# THE TASK
From the listing below, restate word for word the lines from the line containing "Dukane 8103H user" down through the line containing "French Pair of". Exclude pictures.
GIVEN INFORMATION Block Start
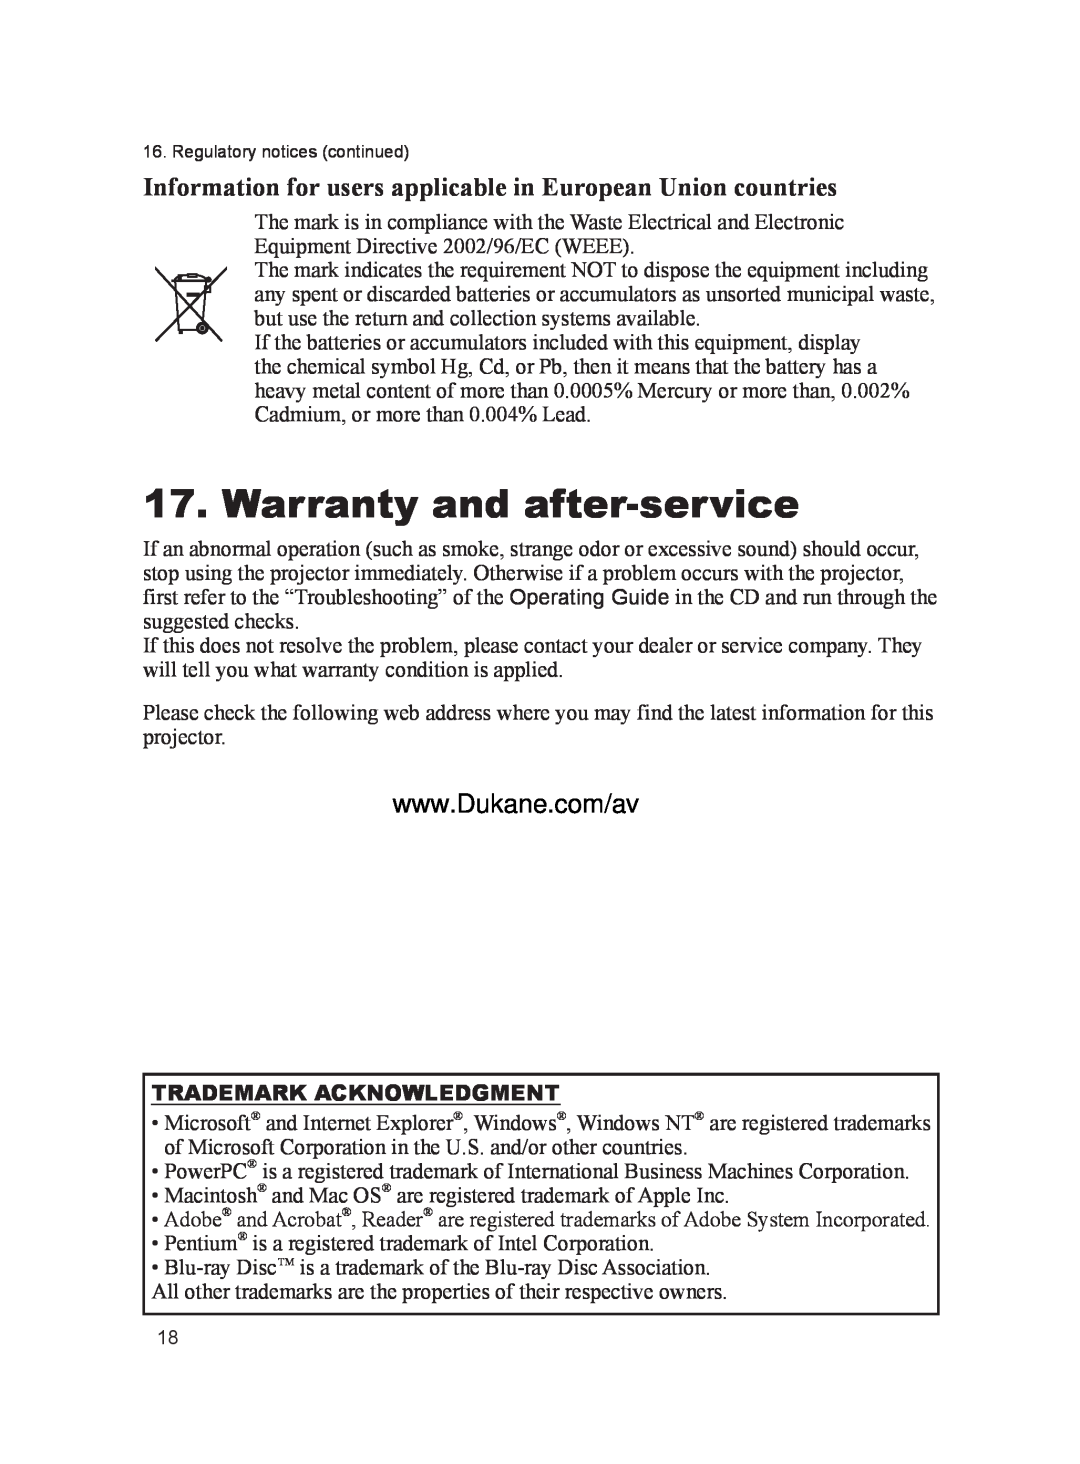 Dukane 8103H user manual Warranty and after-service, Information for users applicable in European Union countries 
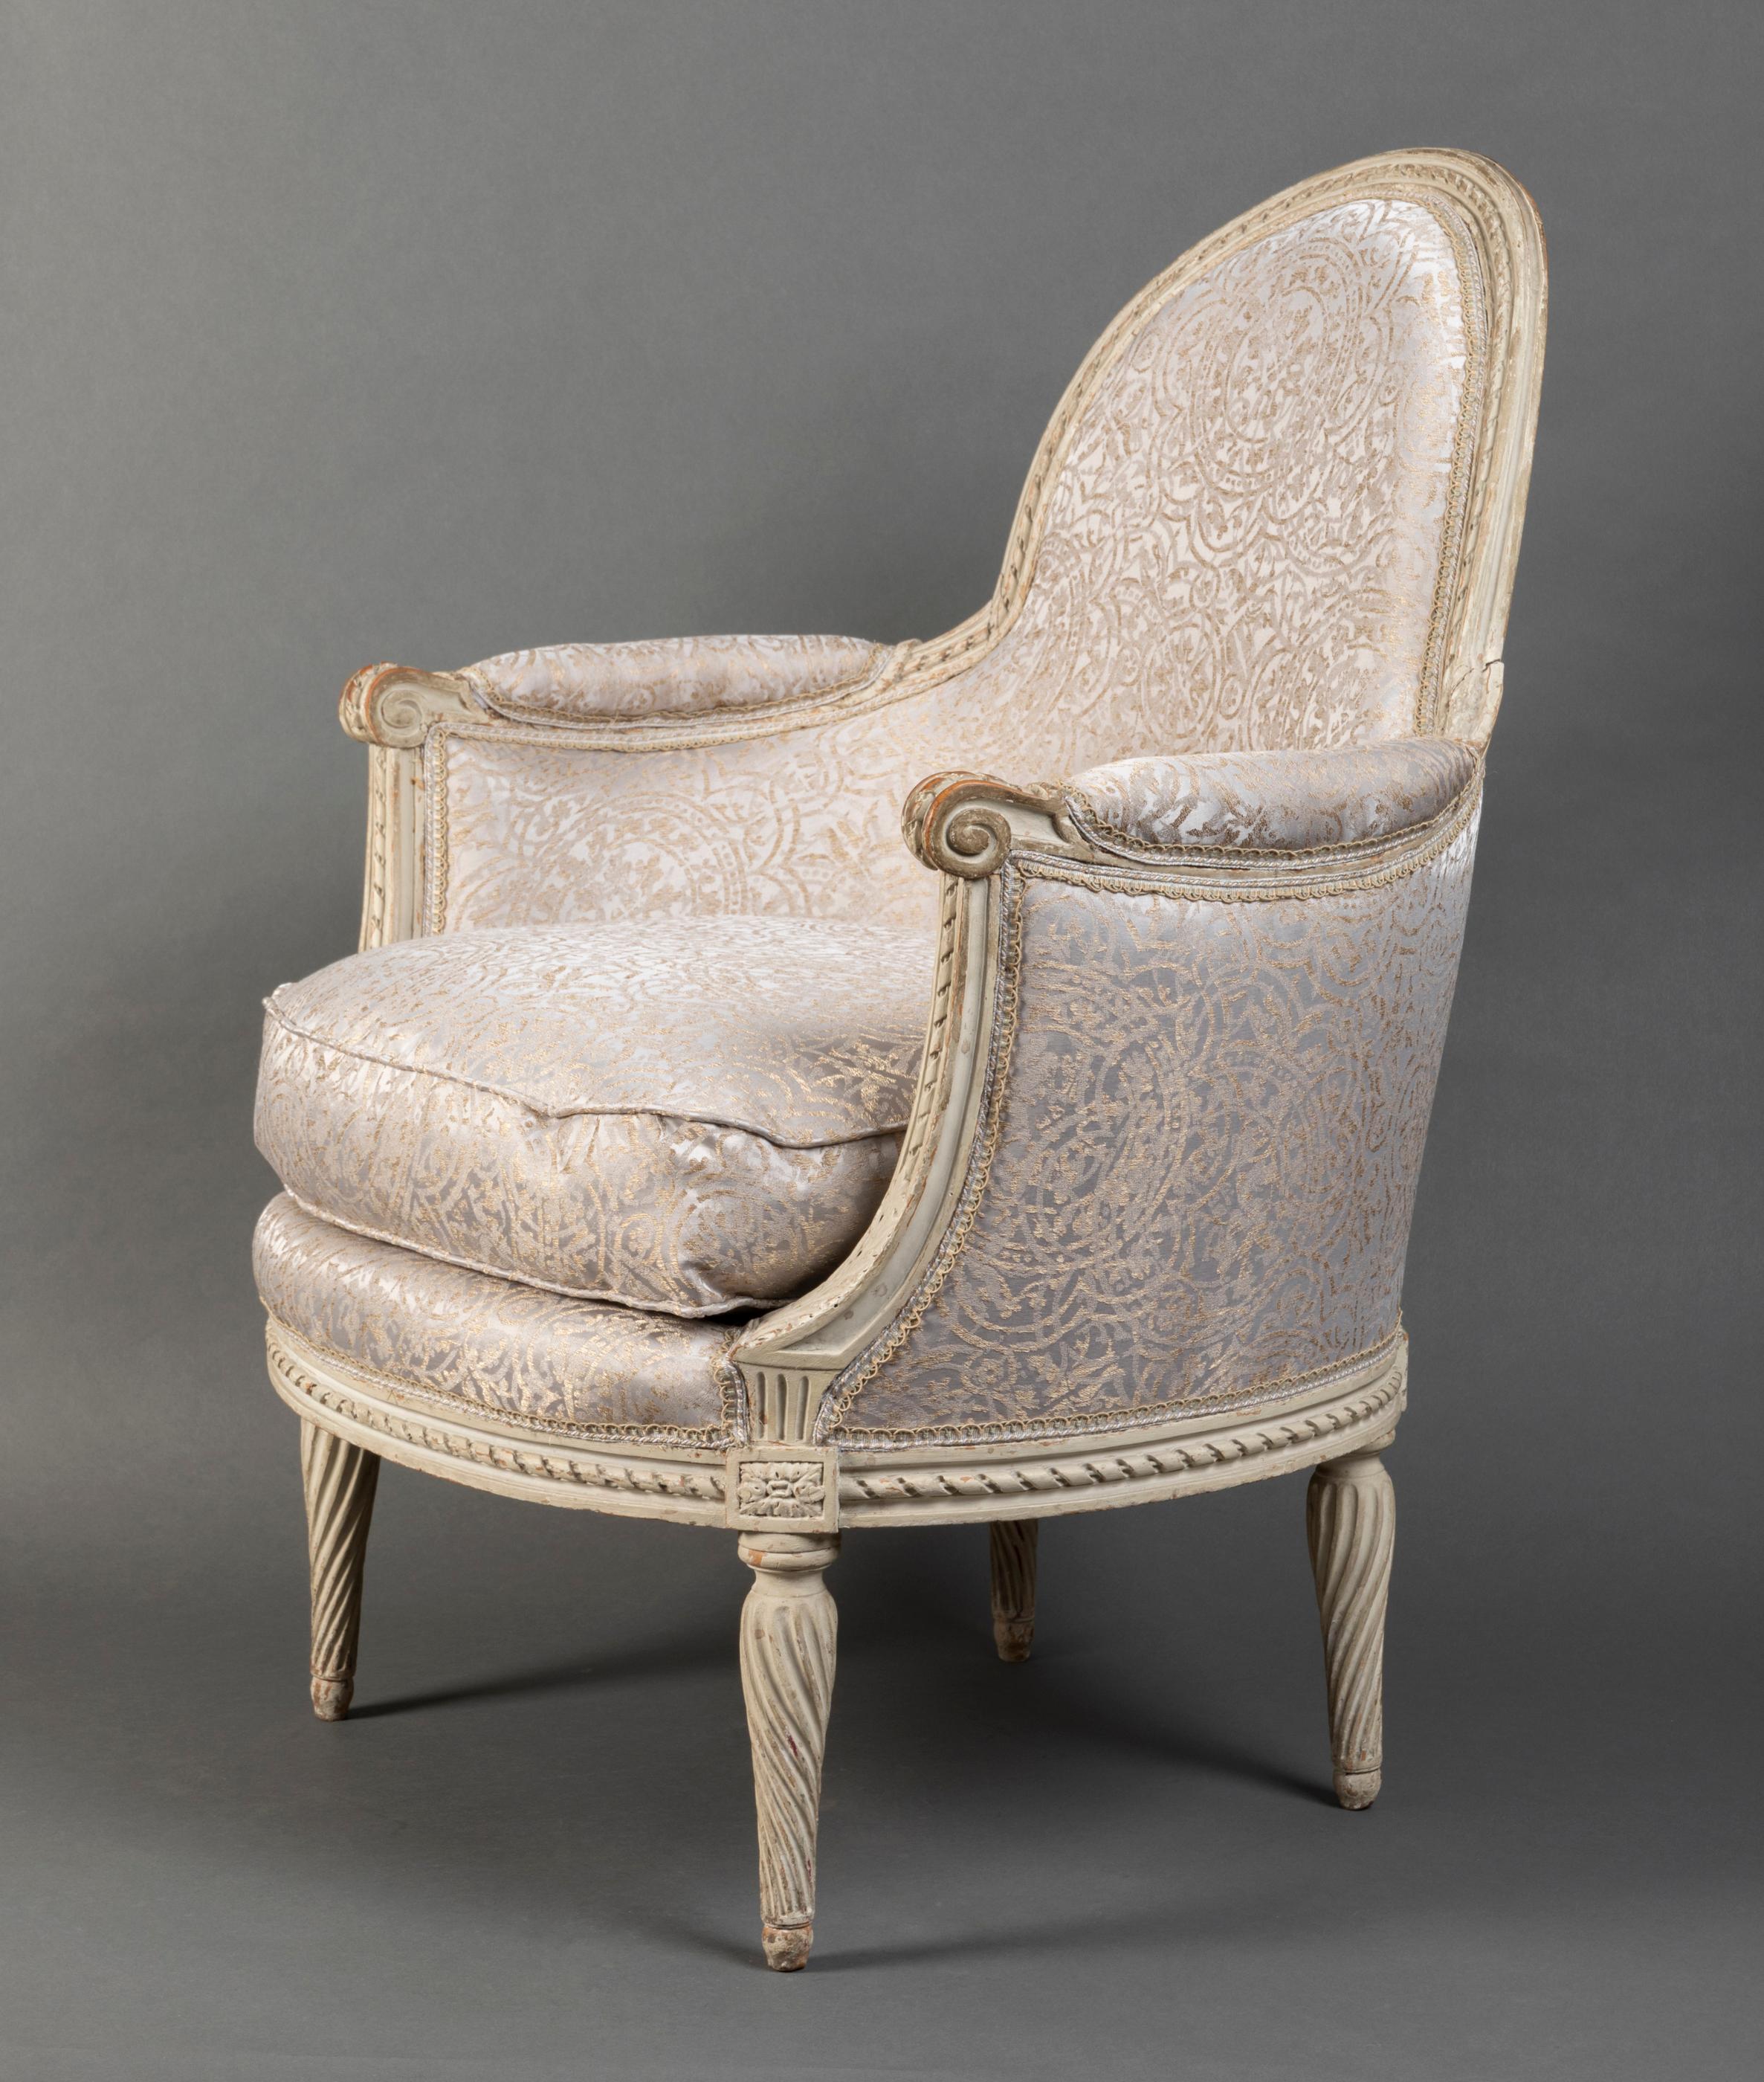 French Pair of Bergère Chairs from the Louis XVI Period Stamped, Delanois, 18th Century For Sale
GIVEN INFORMATION Block End
GIVEN INFORMATION Block Start
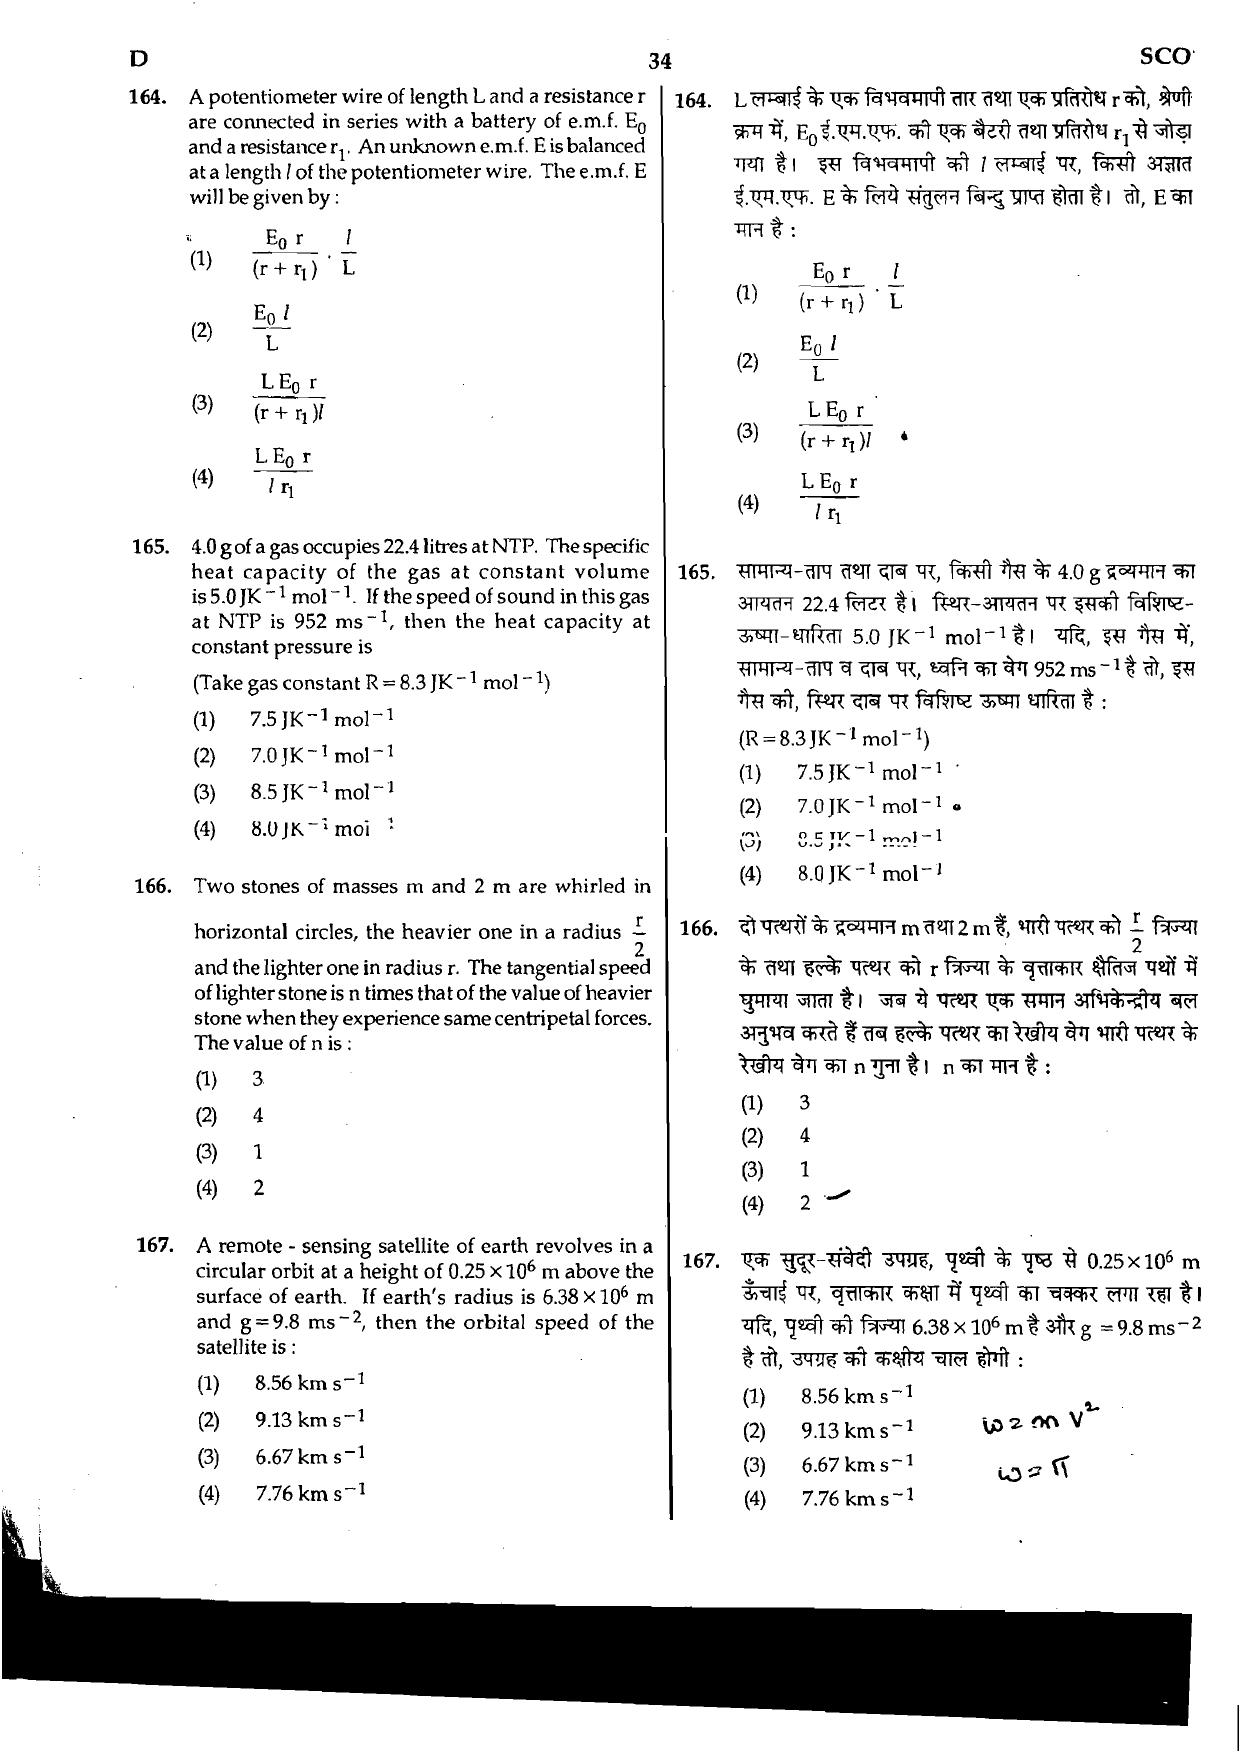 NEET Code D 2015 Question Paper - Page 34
GIVEN INFORMATION Block End
# TASK ANSWER
 Dukane 8103H user manual Warranty and after-service, Information for users applicable in European Union countries 
 French Pair of Bergère Chairs from the Louis XVI Period Stamped, Delanois, 18th Century For Sale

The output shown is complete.